Plus, what good does being hot even do when you’re not that great in bed? When their chemistry began radically fizzling out after Jay’s birth, Nick, being Nick, decided that they should “be real” about it and get the spark back by talking honestly about their fantasies with one another. They were drunk, which had been the case throughout most of their early dating, and when their happiness pitched a sharp downward spiral—if Emily thought too closely on this, it had happened, really, before she was even pregnant with Jay—for a while she and Nick tried to self-medicate back to bliss with copious evening cocktails, even though both had lost the zeal for it. Emily thought the divulge-your-innermost-fantasy stuff might be funny—might be fun. She was embarrassingly truthful, confessing that her earliest masturbatory forays had been to a) the fan
tasy that she was Marie Osmond and that she and Donnie were having an incestuous affair, and the Osmond family had implanted cameras in her closet to try to catch them, and b) fantasies of being seduced by Damien—the adult version, not the creepy tricycle-riding kid—from The Omen. Nick was the type of man to whom you could say such things without the fear that he would judge you, and Emily felt a kind of transcendent giddiness at first confessing these ridiculous—but in her youth truly powerful—fantasies that had informed, somehow in ways she couldn’t place, her adult sexuality.

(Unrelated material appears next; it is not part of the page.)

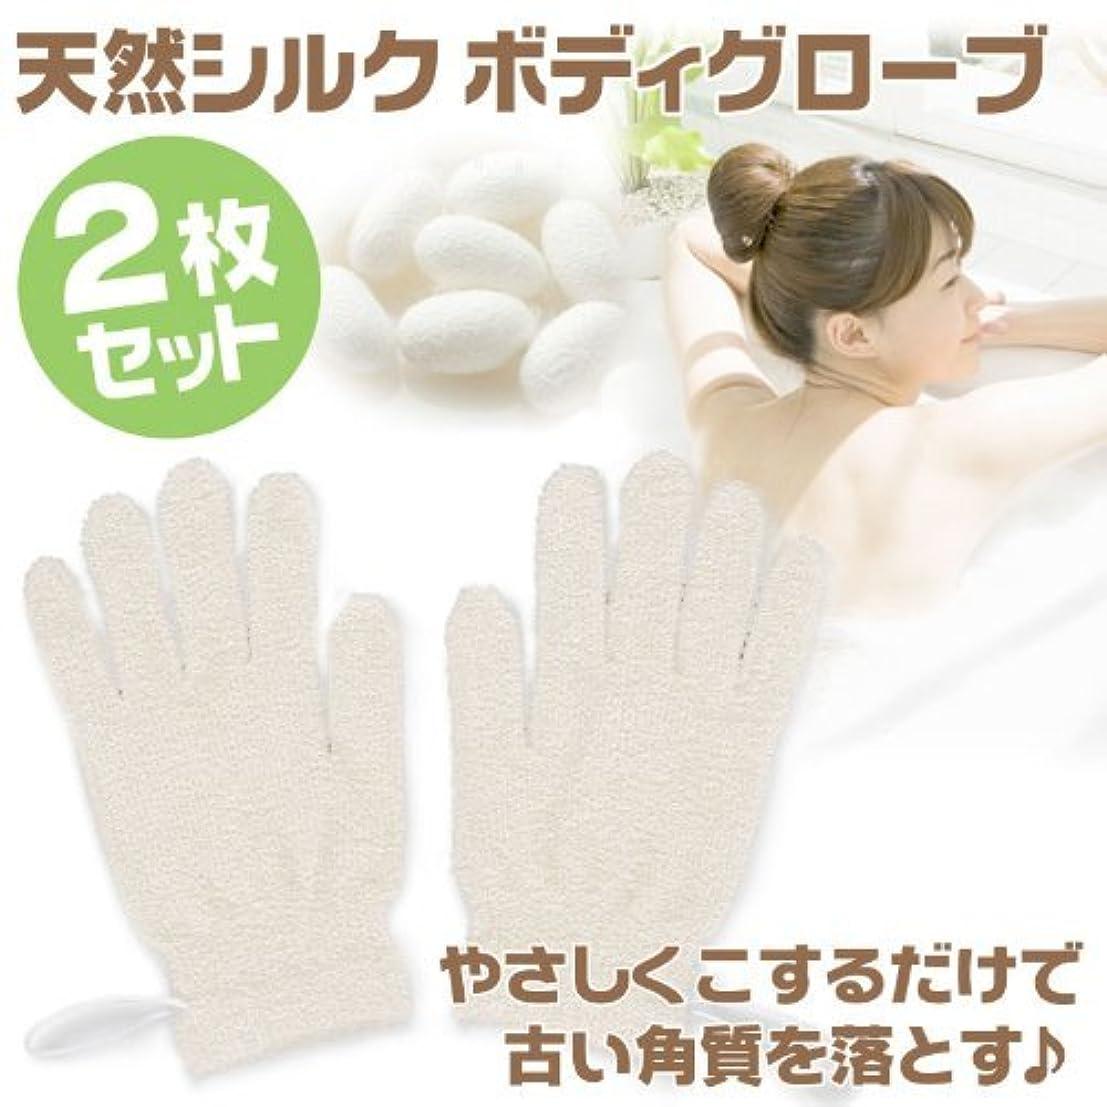 ブレーキマナー基準シルク ボディウォッシュ グローブ手袋[2枚](0731)

Then it was Nick’s turn. And he said he had always fantasized about being forced to wear a floral apron and clean the house of a powerful woman, and lay her clothes out in the morning, and keep her house while she was out working, and then be her sexual slave at night, doing anything she might possibly desire for her pleasure. He mentioned something he called “male chastity” and this fantasy Powerful Woman—did he mean Emily?!—controlling when he was permitted to orgasm, while she could come as often as she liked, and of her “punishing him” with increased denial or maybe even humiliating tasks if he disobeyed and jerked off.
Oh my fucking God.
Okay . . . it wasn’t really true. Nick was pretty good in bed, as long as you didn’t allow yourself to think about any of the above. He had a reliably functional cock; he fucked for a normative period of time; he knew how to go down on a woman like nobody’s business, which she didn’t really like to dwell on since she knew he had obscene amounts of experience in this regard . . . he was an attentive lover, a good lover . . . except for the fact that, apparently, rather than pushing his dick into her vagina and creating the appropriate friction that made them both feel good, he would rather be . . . in an apron not being allowed to come and then getting “punished” (did he mean cleaning the kitchen floor with a toothbrush?) if he transgressed.